I recently happened to hear the term AI—as in Artificial Intelligence—quite more often than during the past twenty years. I found that a little bit odd; I thought that no one with an historical perspective of science and technology would be using the term as nonchalantly as we did in the nineteen-seventies and eighties. I tend to associate the term AI with other terms of the past, like “electronic brain”, “thinking computer”, “cybernetics”, and “the information superhighway”. Today you don’t hear “Look for my page on the information superhighway” …it is so 1990s…  None of my friends who were somehow connected with AI in the good old days call themselves AI experts anymore. Rather, they talk about disciplines like “cognitive sciences” or “machine learning”, use techniques like “Support Vector Machines”, or Markov Random Fields” or unglamorously say “I use statistics” or “I do computer science” during party chats. What happened to AI? Where has it gone?

Back in the days when computers where mostly doing arithmetic calculations—it was the summer of 1956—there was a workshop at the University of Dartmouth where almost all of the computer pioneers in the known world —only a bunch of them at the time—met for two months—good old times…when one could actually go away for two months—to discuss advanced and unconventional computer programs that were able to prove theorems, play chess, and recognize all kinds of patterns. The workshop came to be known as The Dartmouth Summer Research Project on Artificial Intelligence; it was the first time that the term was ever used and it stuck. Since then Artificial Intelligence, or simply AI,  is used to denote a way to approach the solution of problems by a machine “similar” to how we believe intelligent creatures, like most of us humans, do. And I stress the term “believe”, because we don’t know for sure how we, or better our brains, solve such problems.

After we humans have reached the solution of a problem—let’s say proven a theorem or solved a murder mystery—we are often, but not always, able to consciously reverse engineer the solution process that we (believe we have) applied step by step like a detective at the end of the movie—think of Monsieur Poirot or Columbo. Yet sometimes we think we solve problems by consciously applying rules and using reasoning and inference towards the solution of the problem. But other times we don’t (Malcom Gladwell’s Blink supports that). And this is especially true for things for which AI never worked really well, or never proved to outperform other non-AIsh approaches.
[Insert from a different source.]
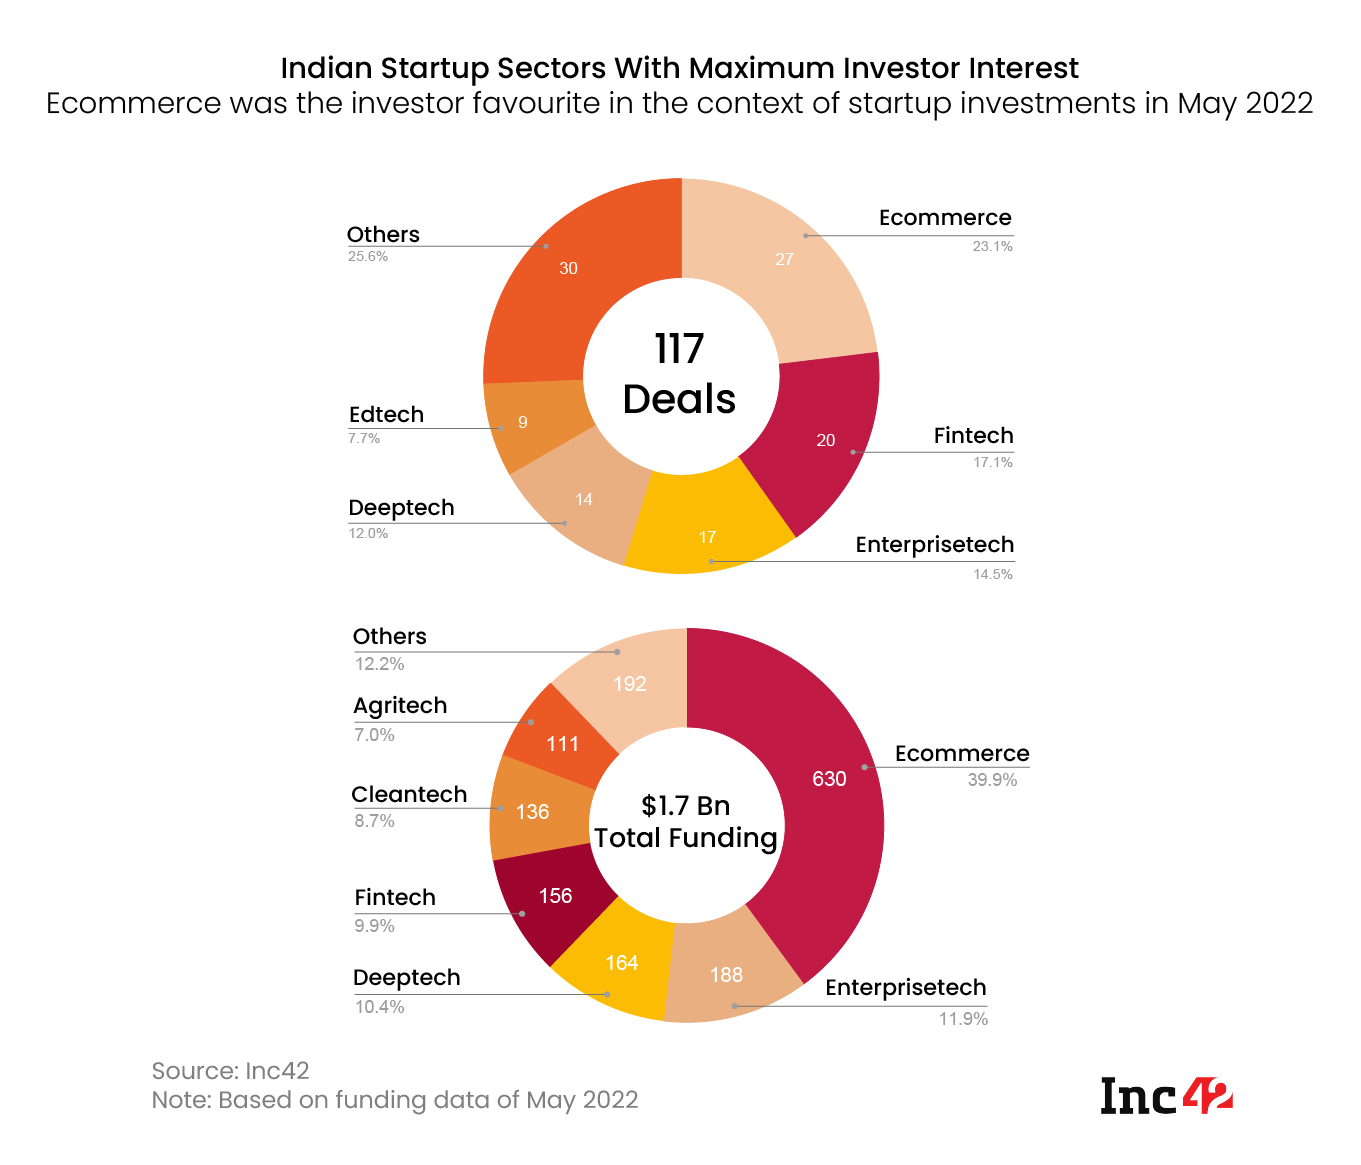 Ecommerce remained the preferred sector for investors in May 2022

Take chess, for instance: one of the reference problems of classical AI. IBM’s Deep Blue, the first computer that won, in 1997, against a human world master—Garry Kasparov—did not use the elegant inference techniques that nostalgic AI aficionados would refer to as AI. Rather Deep Blue used the “brute force” of a computational power able to evaluate 200 million positions per second in a database of 700,000 grandmaster games. Probably if you tried to rationalize, after-the-fact, why Deep Blue won, in the traditional AI style, you won’t find a “step-by-step” conscious process of inference. Most likely Deep Blue won because it was faster, had more memorized games readily available than its human opponent, and could go deeper in analyzing all the possible effects of a move. And I am sure if you had asked Garry Kasparov, right after the game, why he lost, he could have probably tried to rationalize, and given you a step-by-step explanation, but not certainly a set of rules that one can apply in an AI-like system to build a better chess player than him.
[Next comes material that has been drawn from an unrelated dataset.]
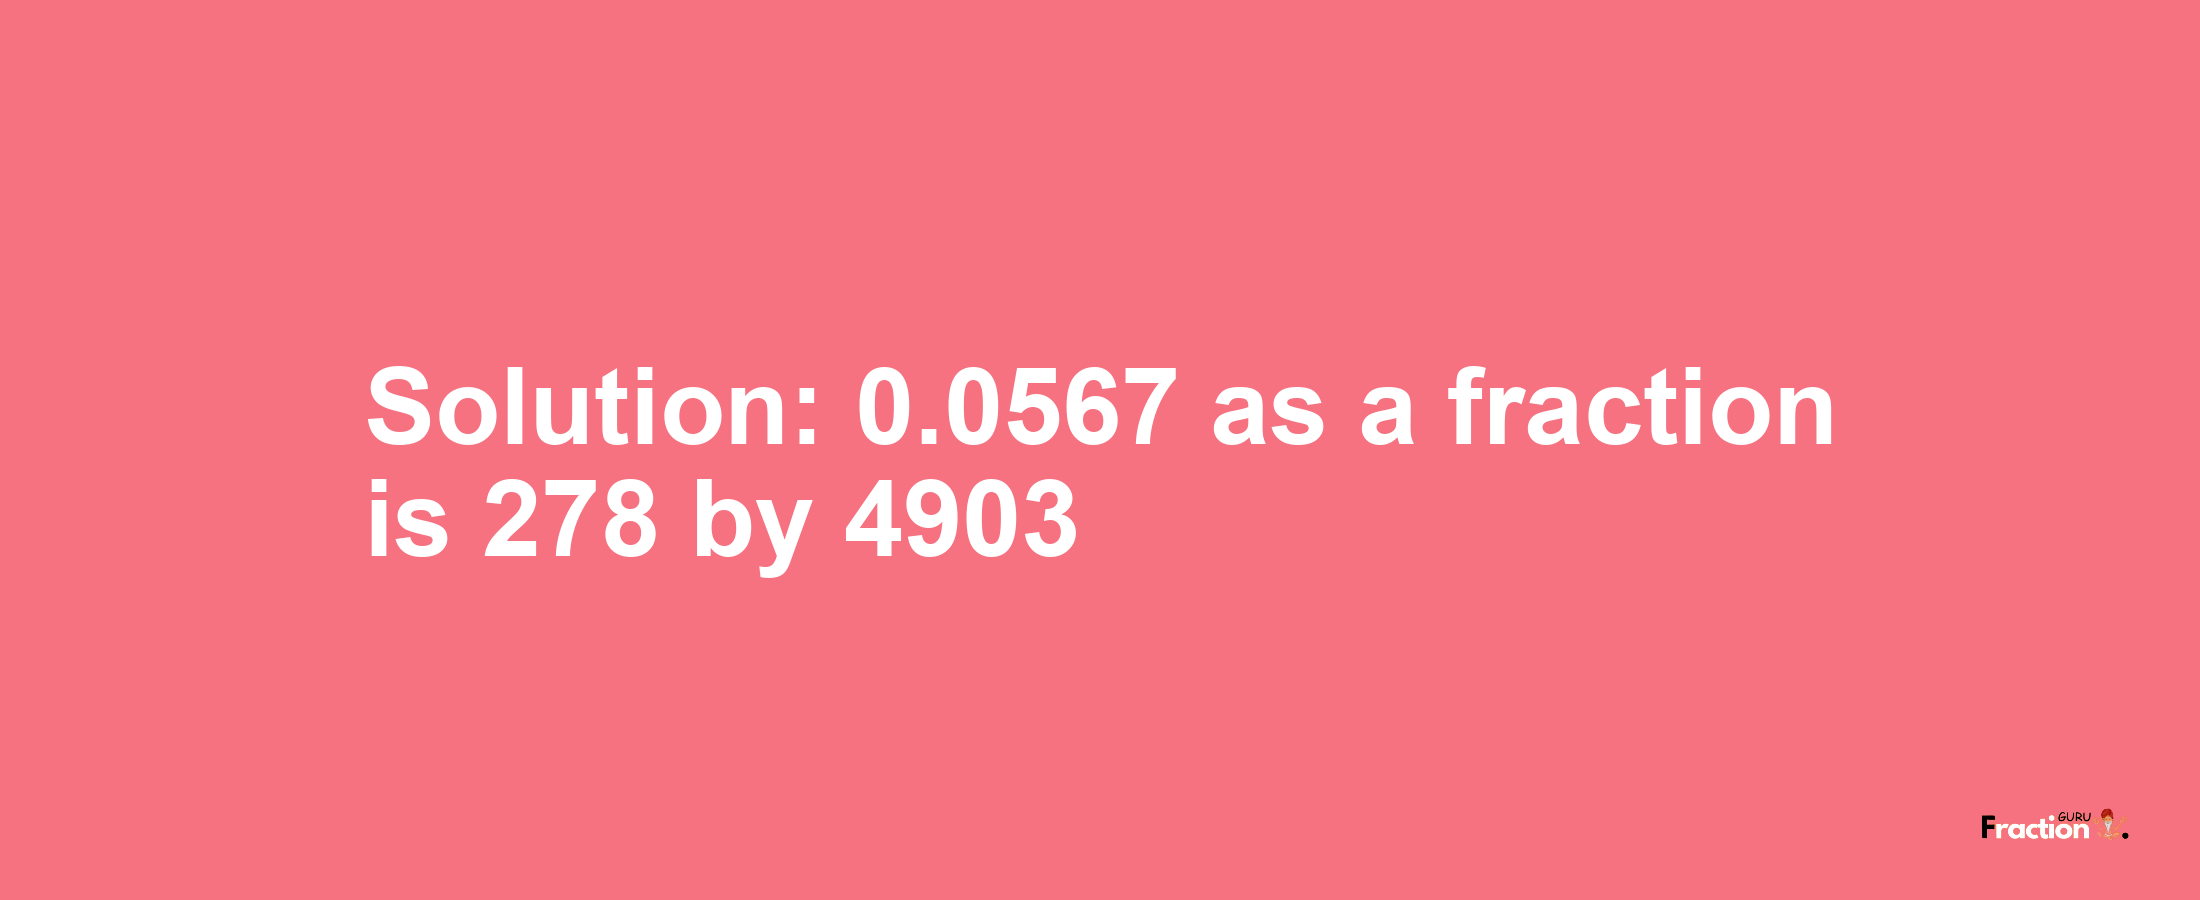 Solution:0.0567 as a fraction is 278/4903

Language and speech interpretation is traditionally another field where AI—and I mean the traditional rule-based, knowledge-based AI—never proved to achieve better results than techniques with a less glamorous names like Hidden Markov Models, N-gram statistics, or Finite State Transducers. Since the first speech recognition machine was built at Bell Laboratories in 1952, hundreds of researchers across the globe tried to use traditional knowledge-based AI techniques to interpret the content of the voice signal. All the others tried less elegant statistical, data driven, approaches, and built systems that actually worked. Knowledge based speech recognition never succeeded, and although a few serious scientists are trying today to revive it and marry it that with the statistical approach—a long term research topic—I have heard no one talking about it at any of the most prestigious international academic conferences in the field. 

So …is AI gone? I don’t think so. AI, as the attempt to create a deeper understanding of problems towards their solution inside a machine is not gone. On the contrary there are many serious scientists that are relentlessly working on what in the 1980s would have been called an AI-sh type of solutions. What is gone, at least we hope, is the popular belief that AI is a sort of magic wand which, in virtue of the intelligence hidden in its guts, can solve problems as humans do (do they?) and that will provide better, faster, and cheaper solution development and maintenance. The term AI used to represent, still in the popular belief corroborated by science fiction and superficial third page stories, the panacea of all automation problems, mainly because of the term intelligence in the name. That created expectations that could never be met and caused what is known today as the AI winter. We hope we have finally grown out of this popular belief.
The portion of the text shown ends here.